The Library Services Act (LSA) was passed by the U.S. Congress in 1956. Its purpose was to promote the development of public libraries in rural areas through federal funding. It was passed by the 84th United States Congress as the H.R. 2840 bill, which the 34th President of the United States Dwight D. Eisenhower signed into law on June 19, 1956. Julia Wright Merrill, Secretary of the Public Library Extension Committee of the American Library Association, was instrumental in the legislative process.  

To receive funding, states needed to submit a plan to the Commissioner of Education that demonstrated how the funds would be used, whether for library personnel, books, or equipment. Thus, making state and local governments prioritize the improvement of their libraries while also establishing their own initiatives and objectives. Since federal government was not favorably looked upon at the time, the law stated multiple times the state’s authority regarding any decisions toward the library’s goals, management, or collection.

However, up until 1961, Indiana was the only state that did not accept federal funds. Governor Harold Handley believed that by accepting the funds, “Hoosiers would be brainwashed with books handpicked by the Washington bureaucrats.” U.S. Representative John Brademas of Indiana vehemently disagreed. It was reported that Gov. Handley rejected approximately $700,000 to improve the library services.

Overall, the LSA had a major positive impact on libraries throughout the rest of the country. An additional 5 million books and other informational and educational materials were secured for rural communities.

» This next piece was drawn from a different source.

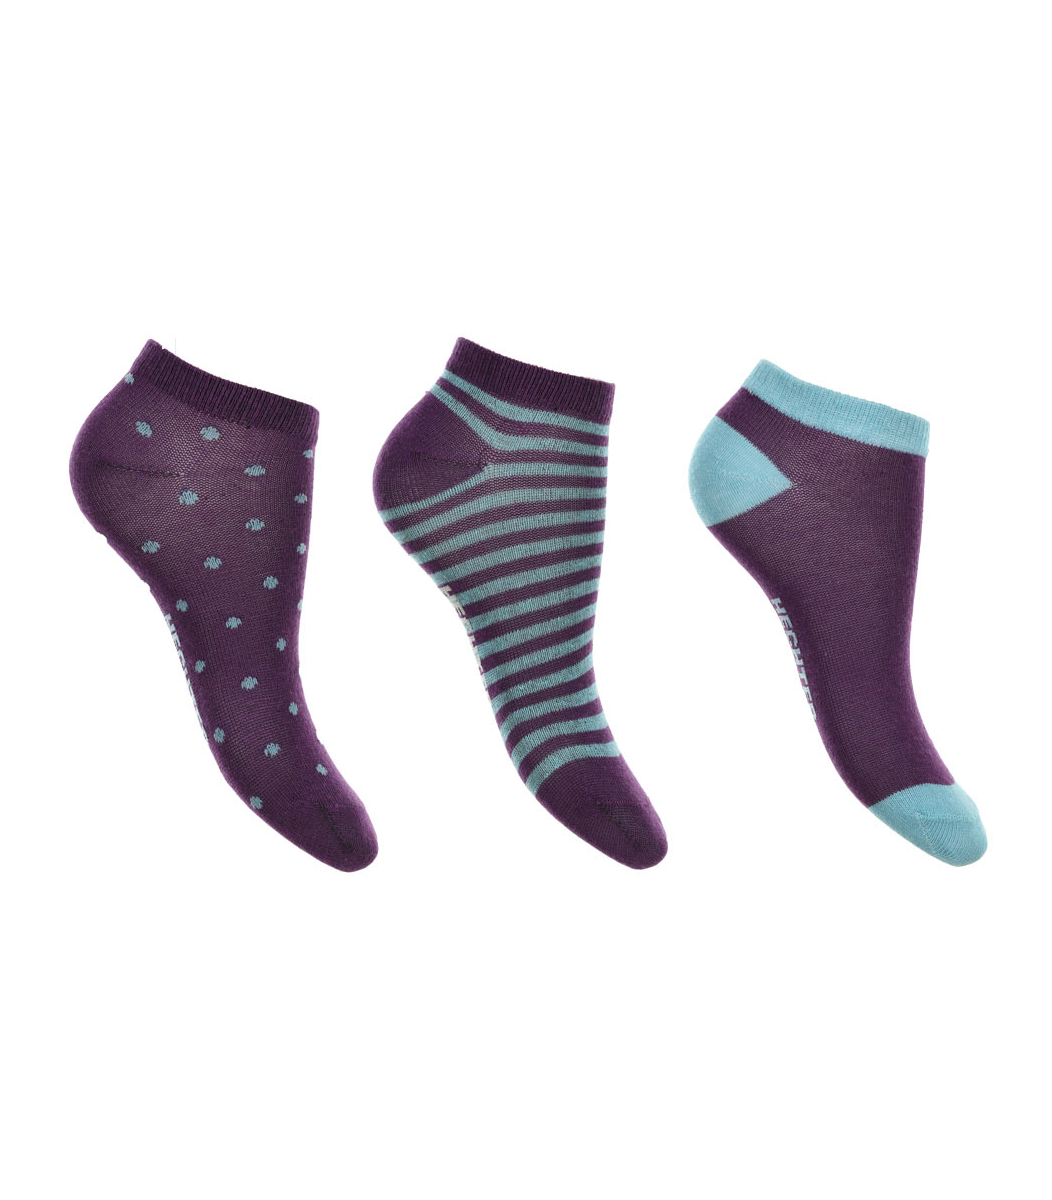  Tights HECTER Socks 3 pairs SUDHRH0602-2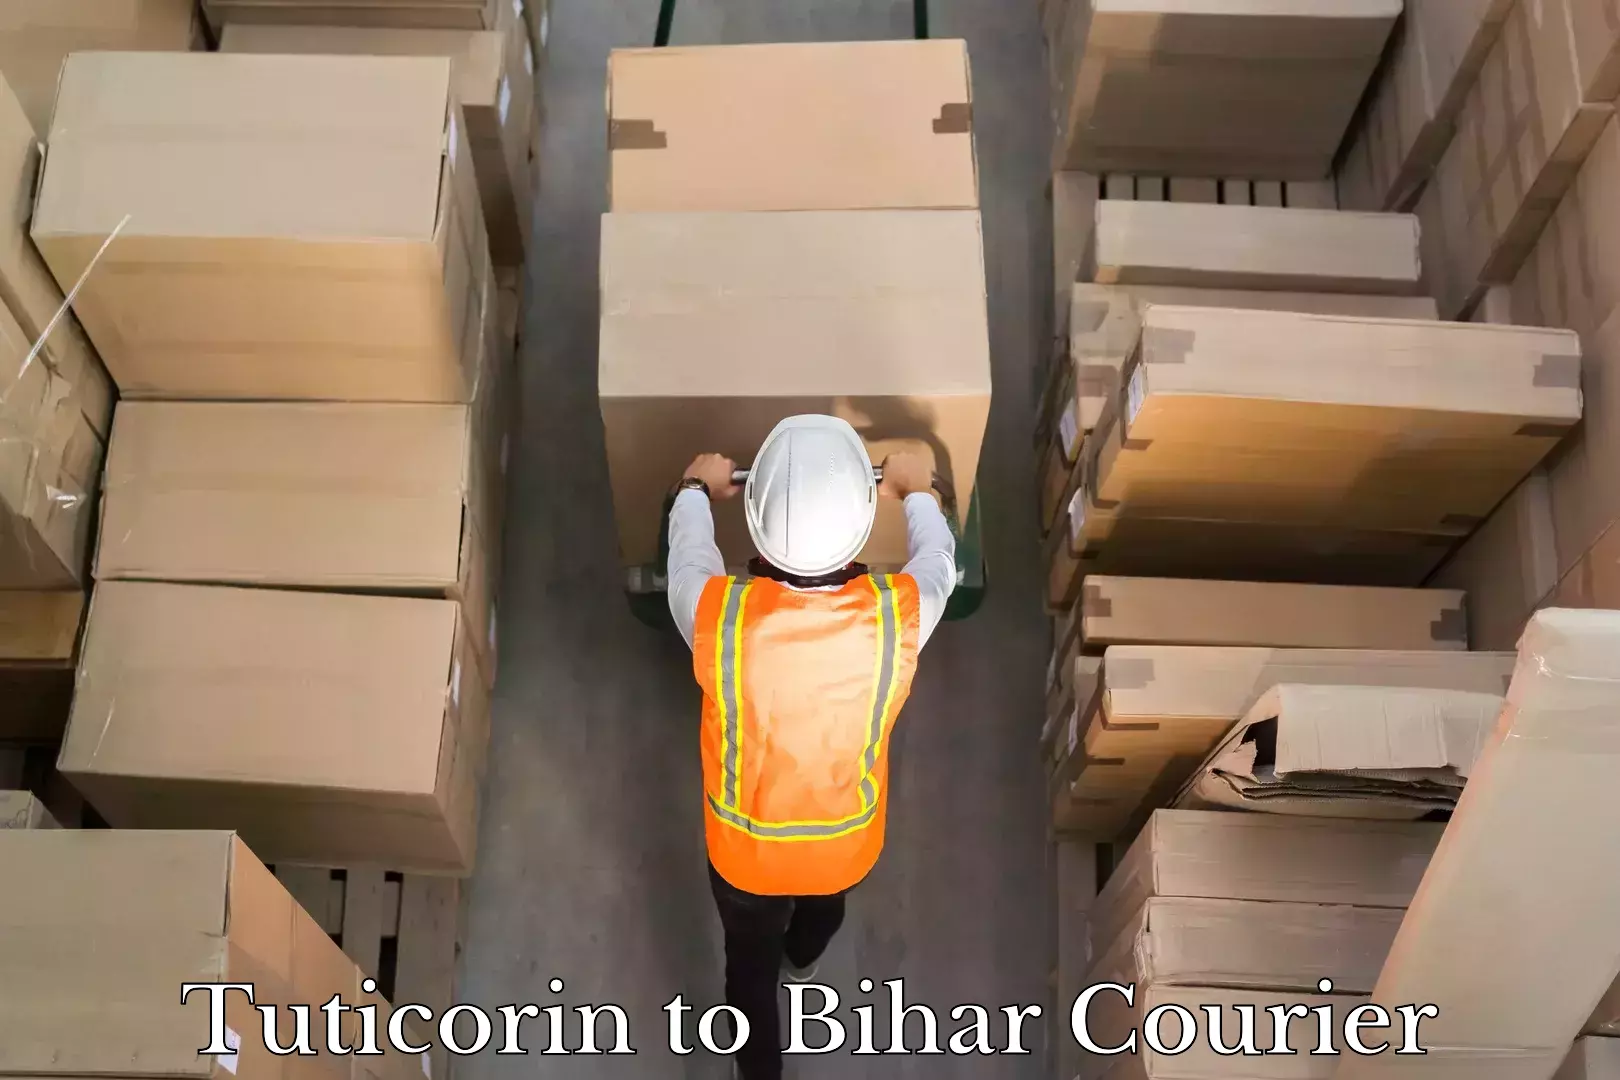 Courier service innovation Tuticorin to Bihar

Many libraries noted a 40% or more increase in book circulation as well, along with a 32% increase in interlibrary loans.

Other accomplishments included 288 bookmobiles for rural communities and 800 new library staff members. Multitype and public library systems were established due to the LSA as well. When the Library Services and Construction Act became effective in 1964, the formation of regional and statewide library networks continued to grow.

The LSA was set to expire in 1961, but plans were already in motion to prolong the act. On May 26, 1960, the Senate passed a five-year extension without a single opposing vote.

Only a few years later, the Library Services and Construction Act would be introduced replacing the Library Services Act.